> [What the task requires]: Reproduce the listing exactly, so that no line differs from the original.

> [Dataset excerpts]:
= = =

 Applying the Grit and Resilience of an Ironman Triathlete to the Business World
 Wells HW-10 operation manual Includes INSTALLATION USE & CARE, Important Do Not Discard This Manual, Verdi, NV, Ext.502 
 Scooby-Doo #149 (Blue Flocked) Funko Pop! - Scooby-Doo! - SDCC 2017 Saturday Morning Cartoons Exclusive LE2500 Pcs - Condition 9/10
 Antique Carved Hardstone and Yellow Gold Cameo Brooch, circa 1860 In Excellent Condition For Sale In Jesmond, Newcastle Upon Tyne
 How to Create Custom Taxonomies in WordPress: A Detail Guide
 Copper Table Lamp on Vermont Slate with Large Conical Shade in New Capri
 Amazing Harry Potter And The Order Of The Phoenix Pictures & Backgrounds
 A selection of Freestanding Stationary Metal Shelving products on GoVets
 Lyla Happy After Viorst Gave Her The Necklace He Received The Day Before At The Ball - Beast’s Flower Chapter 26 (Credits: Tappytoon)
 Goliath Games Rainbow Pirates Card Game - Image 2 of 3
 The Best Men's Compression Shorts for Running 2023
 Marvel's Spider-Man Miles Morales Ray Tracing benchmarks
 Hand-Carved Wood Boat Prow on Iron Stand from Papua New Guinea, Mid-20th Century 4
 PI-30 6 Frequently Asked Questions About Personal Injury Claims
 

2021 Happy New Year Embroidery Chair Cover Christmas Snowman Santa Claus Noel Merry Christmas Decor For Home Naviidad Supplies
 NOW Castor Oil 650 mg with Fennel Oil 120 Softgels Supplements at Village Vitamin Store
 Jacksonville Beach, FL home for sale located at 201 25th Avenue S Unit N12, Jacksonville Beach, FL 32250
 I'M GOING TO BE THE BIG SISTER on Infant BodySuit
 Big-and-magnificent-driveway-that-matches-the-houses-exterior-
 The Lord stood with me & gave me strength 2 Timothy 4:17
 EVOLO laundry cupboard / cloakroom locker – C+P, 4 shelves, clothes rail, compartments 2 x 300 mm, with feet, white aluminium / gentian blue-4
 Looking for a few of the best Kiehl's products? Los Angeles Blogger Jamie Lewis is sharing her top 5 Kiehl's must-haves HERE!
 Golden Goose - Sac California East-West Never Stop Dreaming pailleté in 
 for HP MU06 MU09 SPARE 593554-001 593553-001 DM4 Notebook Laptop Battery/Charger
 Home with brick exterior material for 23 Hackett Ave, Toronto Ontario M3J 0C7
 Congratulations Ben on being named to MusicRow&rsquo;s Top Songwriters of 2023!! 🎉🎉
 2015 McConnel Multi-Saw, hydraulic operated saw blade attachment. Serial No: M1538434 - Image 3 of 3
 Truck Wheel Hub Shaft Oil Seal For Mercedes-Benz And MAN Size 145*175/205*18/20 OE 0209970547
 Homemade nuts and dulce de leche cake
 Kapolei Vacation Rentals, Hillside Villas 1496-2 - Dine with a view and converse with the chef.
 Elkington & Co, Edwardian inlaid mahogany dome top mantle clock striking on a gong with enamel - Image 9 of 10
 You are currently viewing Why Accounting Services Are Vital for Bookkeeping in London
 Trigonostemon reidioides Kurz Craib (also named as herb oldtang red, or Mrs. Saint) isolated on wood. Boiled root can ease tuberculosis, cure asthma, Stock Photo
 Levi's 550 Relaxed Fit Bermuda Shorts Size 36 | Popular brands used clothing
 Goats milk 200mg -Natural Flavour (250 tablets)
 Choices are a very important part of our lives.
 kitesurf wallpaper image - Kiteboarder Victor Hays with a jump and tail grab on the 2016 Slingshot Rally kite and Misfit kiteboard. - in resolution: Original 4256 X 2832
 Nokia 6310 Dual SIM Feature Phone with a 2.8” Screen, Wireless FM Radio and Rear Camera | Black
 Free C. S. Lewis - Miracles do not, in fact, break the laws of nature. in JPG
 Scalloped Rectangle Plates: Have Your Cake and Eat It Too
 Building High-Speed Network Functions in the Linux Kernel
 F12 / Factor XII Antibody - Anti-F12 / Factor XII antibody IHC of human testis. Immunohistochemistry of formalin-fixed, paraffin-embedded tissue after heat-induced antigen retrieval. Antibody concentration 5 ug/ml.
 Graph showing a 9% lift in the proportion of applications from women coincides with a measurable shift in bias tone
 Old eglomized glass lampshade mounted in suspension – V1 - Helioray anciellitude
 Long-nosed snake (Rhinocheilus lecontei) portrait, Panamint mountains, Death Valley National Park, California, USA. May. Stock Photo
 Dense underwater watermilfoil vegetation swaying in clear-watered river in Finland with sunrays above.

= = =

> [Task solution]:
 Applying the Grit and Resilience of an Ironman Triathlete to the Business World
 Wells HW-10 operation manual Includes INSTALLATION USE & CARE, Important Do Not Discard This Manual, Verdi, NV, Ext.502 
 Scooby-Doo #149 (Blue Flocked) Funko Pop! - Scooby-Doo! - SDCC 2017 Saturday Morning Cartoons Exclusive LE2500 Pcs - Condition 9/10
 Antique Carved Hardstone and Yellow Gold Cameo Brooch, circa 1860 In Excellent Condition For Sale In Jesmond, Newcastle Upon Tyne
 How to Create Custom Taxonomies in WordPress: A Detail Guide
 Copper Table Lamp on Vermont Slate with Large Conical Shade in New Capri
 Amazing Harry Potter And The Order Of The Phoenix Pictures & Backgrounds
 A selection of Freestanding Stationary Metal Shelving products on GoVets
 Lyla Happy After Viorst Gave Her The Necklace He Received The Day Before At The Ball - Beast’s Flower Chapter 26 (Credits: Tappytoon)
 Goliath Games Rainbow Pirates Card Game - Image 2 of 3
 The Best Men's Compression Shorts for Running 2023
 Marvel's Spider-Man Miles Morales Ray Tracing benchmarks
 Hand-Carved Wood Boat Prow on Iron Stand from Papua New Guinea, Mid-20th Century 4
 PI-30 6 Frequently Asked Questions About Personal Injury Claims
 

2021 Happy New Year Embroidery Chair Cover Christmas Snowman Santa Claus Noel Merry Christmas Decor For Home Naviidad Supplies
 NOW Castor Oil 650 mg with Fennel Oil 120 Softgels Supplements at Village Vitamin Store
 Jacksonville Beach, FL home for sale located at 201 25th Avenue S Unit N12, Jacksonville Beach, FL 32250
 I'M GOING TO BE THE BIG SISTER on Infant BodySuit
 Big-and-magnificent-driveway-that-matches-the-houses-exterior-
 The Lord stood with me & gave me strength 2 Timothy 4:17
 EVOLO laundry cupboard / cloakroom locker – C+P, 4 shelves, clothes rail, compartments 2 x 300 mm, with feet, white aluminium / gentian blue-4
 Looking for a few of the best Kiehl's products? Los Angeles Blogger Jamie Lewis is sharing her top 5 Kiehl's must-haves HERE!
 Golden Goose - Sac California East-West Never Stop Dreaming pailleté in 
 for HP MU06 MU09 SPARE 593554-001 593553-001 DM4 Notebook Laptop Battery/Charger
 Home with brick exterior material for 23 Hackett Ave, Toronto Ontario M3J 0C7
 Congratulations Ben on being named to MusicRow&rsquo;s Top Songwriters of 2023!! 🎉🎉
 2015 McConnel Multi-Saw, hydraulic operated saw blade attachment. Serial No: M1538434 - Image 3 of 3
 Truck Wheel Hub Shaft Oil Seal For Mercedes-Benz And MAN Size 145*175/205*18/20 OE 0209970547
 Homemade nuts and dulce de leche cake
 Kapolei Vacation Rentals, Hillside Villas 1496-2 - Dine with a view and converse with the chef.
 Elkington & Co, Edwardian inlaid mahogany dome top mantle clock striking on a gong with enamel - Image 9 of 10
 You are currently viewing Why Accounting Services Are Vital for Bookkeeping in London
 Trigonostemon reidioides Kurz Craib (also named as herb oldtang red, or Mrs. Saint) isolated on wood. Boiled root can ease tuberculosis, cure asthma, Stock Photo
 Levi's 550 Relaxed Fit Bermuda Shorts Size 36 | Popular brands used clothing
 Goats milk 200mg -Natural Flavour (250 tablets)
 Choices are a very important part of our lives.
 kitesurf wallpaper image - Kiteboarder Victor Hays with a jump and tail grab on the 2016 Slingshot Rally kite and Misfit kiteboard. - in resolution: Original 4256 X 2832
 Nokia 6310 Dual SIM Feature Phone with a 2.8” Screen, Wireless FM Radio and Rear Camera | Black
 Free C. S. Lewis - Miracles do not, in fact, break the laws of nature. in JPG
 Scalloped Rectangle Plates: Have Your Cake and Eat It Too
 Building High-Speed Network Functions in the Linux Kernel
 F12 / Factor XII Antibody - Anti-F12 / Factor XII antibody IHC of human testis. Immunohistochemistry of formalin-fixed, paraffin-embedded tissue after heat-induced antigen retrieval. Antibody concentration 5 ug/ml.
 Graph showing a 9% lift in the proportion of applications from women coincides with a measurable shift in bias tone
 Old eglomized glass lampshade mounted in suspension – V1 - Helioray anciellitude
 Long-nosed snake (Rhinocheilus lecontei) portrait, Panamint mountains, Death Valley National Park, California, USA. May. Stock Photo
 Dense underwater watermilfoil vegetation swaying in clear-watered river in Finland with sunrays above.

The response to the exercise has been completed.